S$^2$-MAD: Breaking the Token Barrier to Enhance Multi-Agent Debate Efficiency
Yuting Zeng, Weizhe Huang, Lei Jiang, Tongxuan Liu, Xitai Jin, Chen Tianying Tiana, Jing Li, Xiaohua Xu
TL;DR
This work tackles the token-cost inefficiency of Multi-agent Debate (MAD) in large language models by introducing Selective Sparse MAD (S^2-MAD) with a Decision-Making Mechanism. The mechanism combines similarity calculation, redundancy filtering, and conditional participation to prune redundant information and enable selective engagement among agents, substantially reducing token exchanges. Empirical results across five reasoning benchmarks and multiple models show token-cost reductions up to 94.5% with less than 2% accuracy loss, confirming that efficiency gains can be achieved without sacrificing performance.
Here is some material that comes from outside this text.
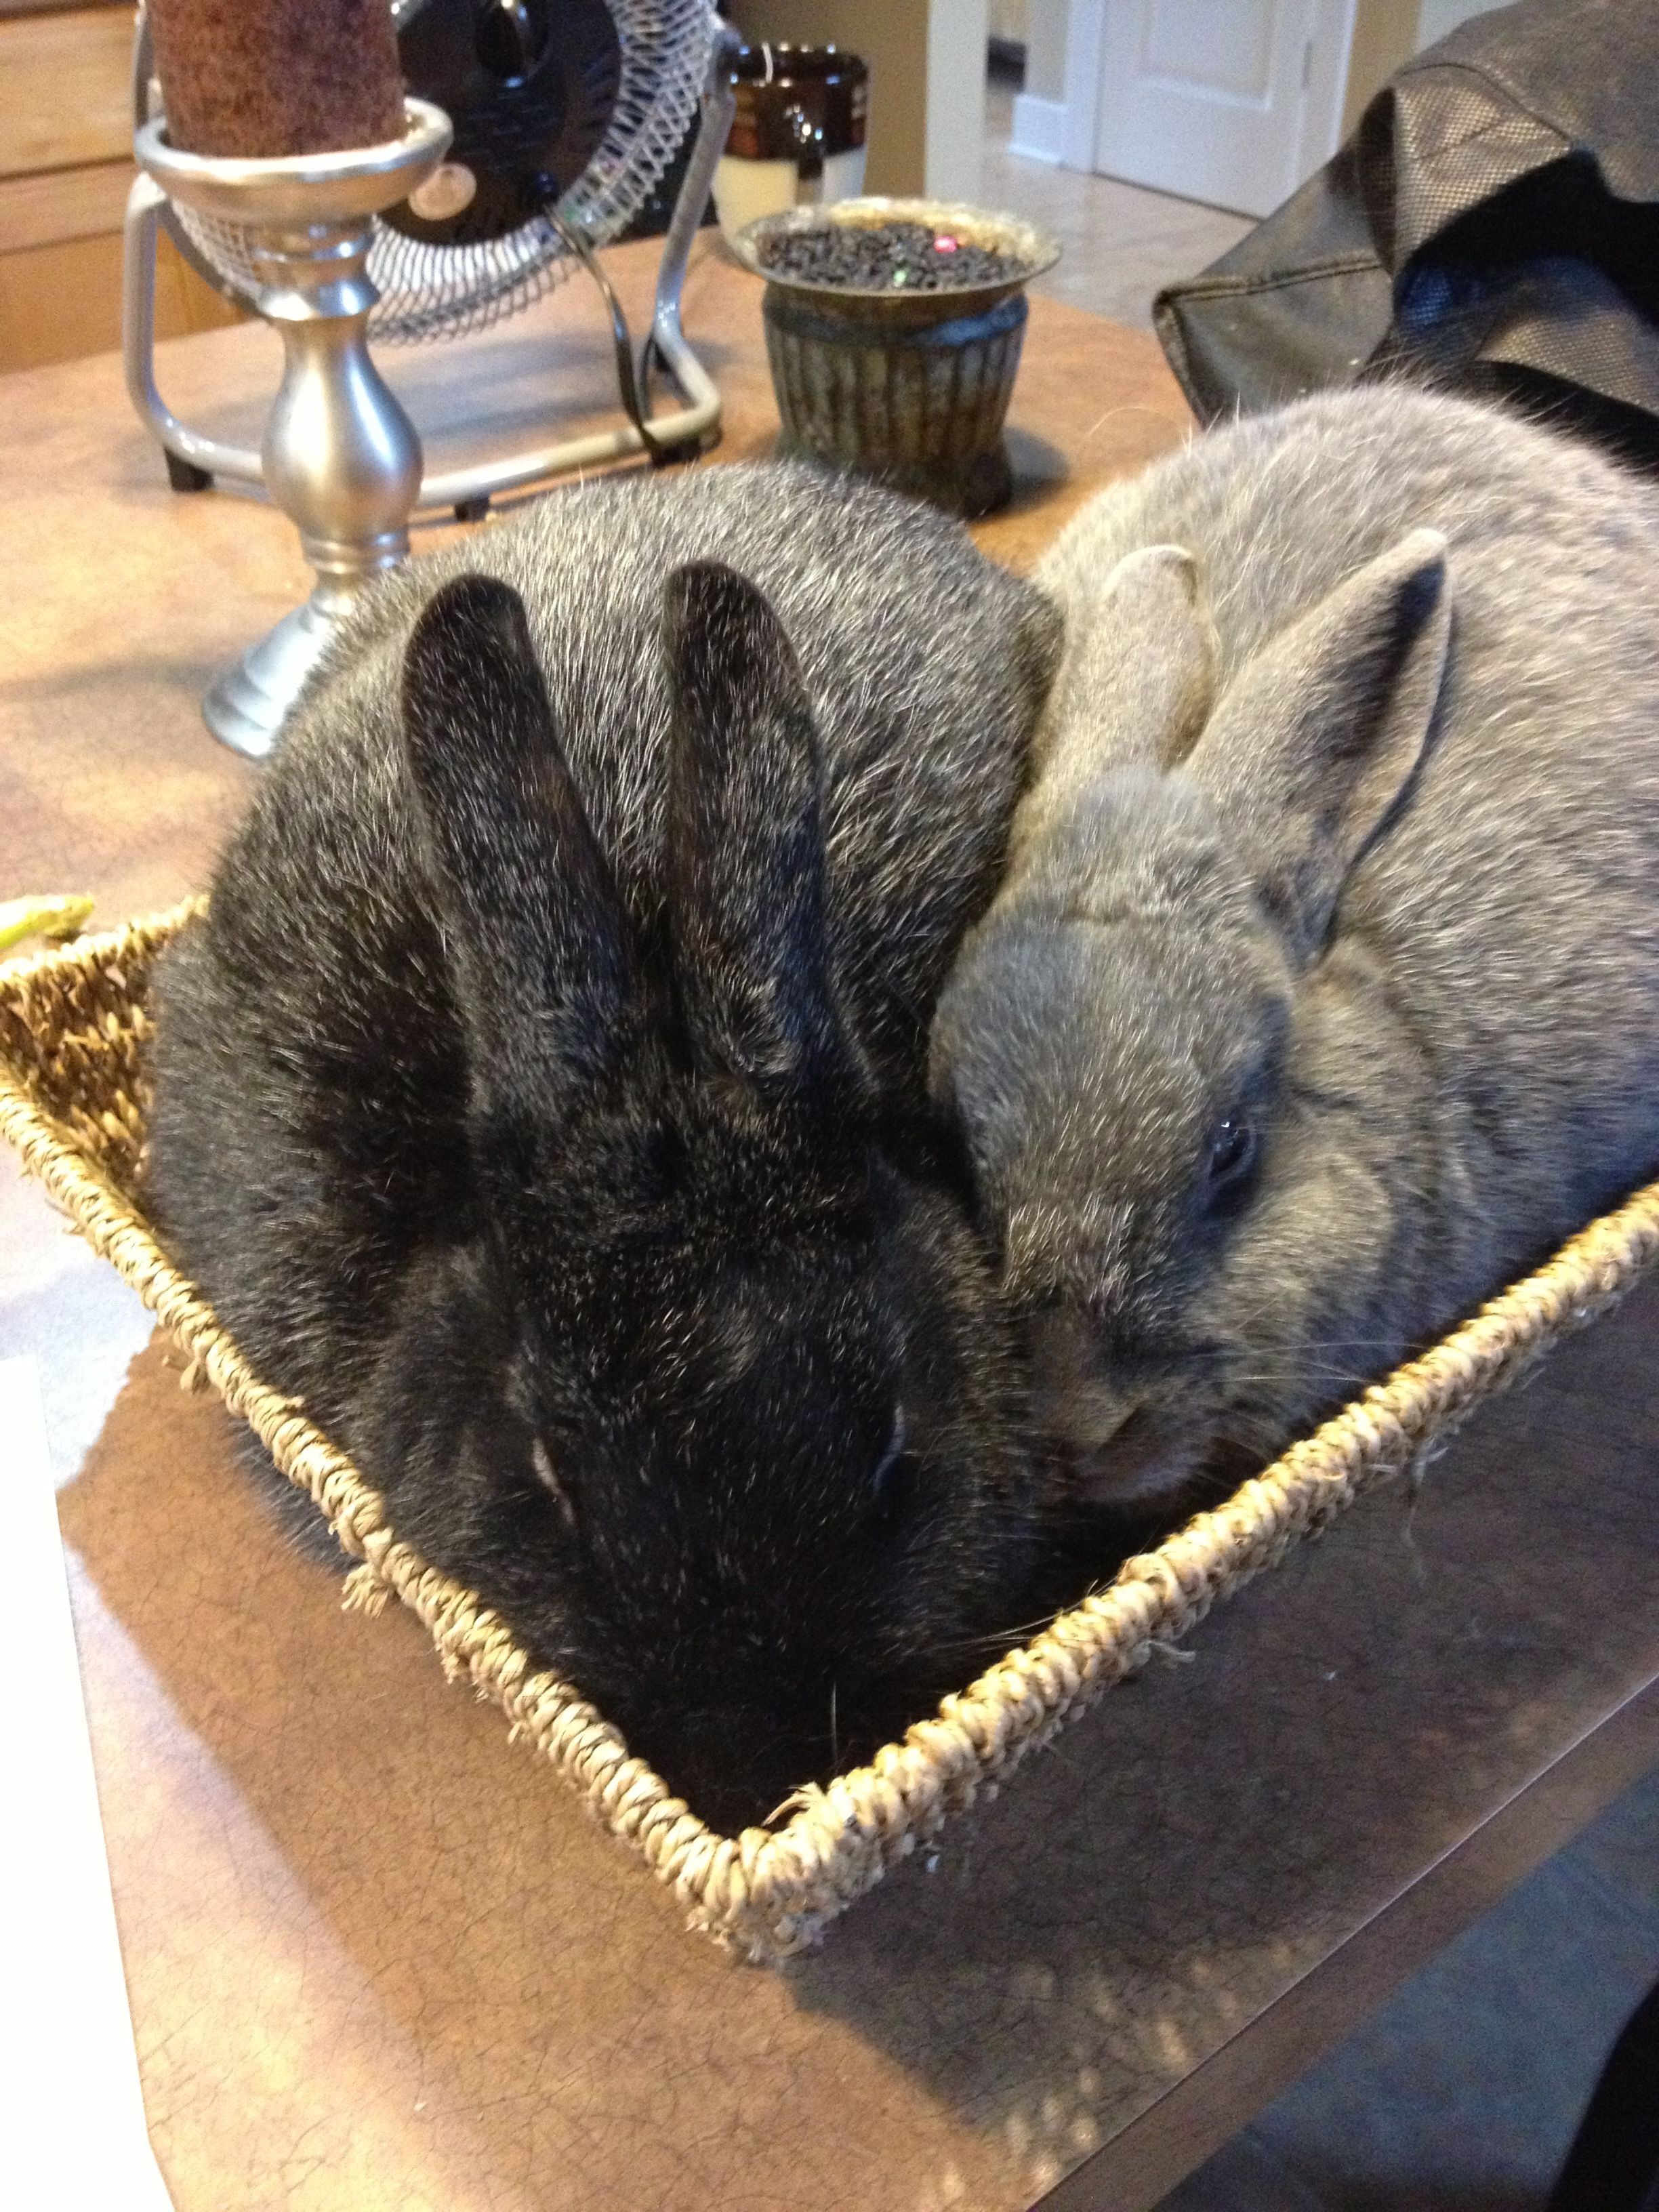 Origins Hobby Farm Silver Fox Rabbit Rabbit Breeds Raising Rabbits

Theoretical analysis and ablation studies illuminate how grouping, similarity thresholds, and early stopping contribute to efficiency, suggesting promising directions for robust, scalable multi-agent reasoning.
Abstract
Large language models (LLMs) have demonstrated remarkable capabilities across various natural language processing (NLP) scenarios, but they still face challenges when handling complex arithmetic and logical reasoning tasks. While Chain-Of-Thought (CoT) reasoning, self-consistency (SC) and self-correction strategies have attempted to guide models in sequential, multi-step reasoning, Multi-agent Debate (MAD) has emerged as a viable approach for enhancing the reasoning capabilities of LLMs. By increasing both the number of agents and the frequency of debates, the performance of LLMs improves significantly. However, this strategy results in a significant increase in token costs, presenting a barrier to scalability. To address this challenge, we introduce a novel sparsification strategy designed to reduce token costs within MAD. This approach minimizes ineffective exchanges of information and unproductive discussions among agents, thereby enhancing the overall efficiency of the debate process. We conduct comparative experiments on multiple datasets across various models, demonstrating that our approach significantly reduces the token costs in MAD to a considerable extent. Specifically, compared to MAD, our approach achieves an impressive reduction of up to 94.5\% in token costs while maintaining performance degradation below 2.0\%.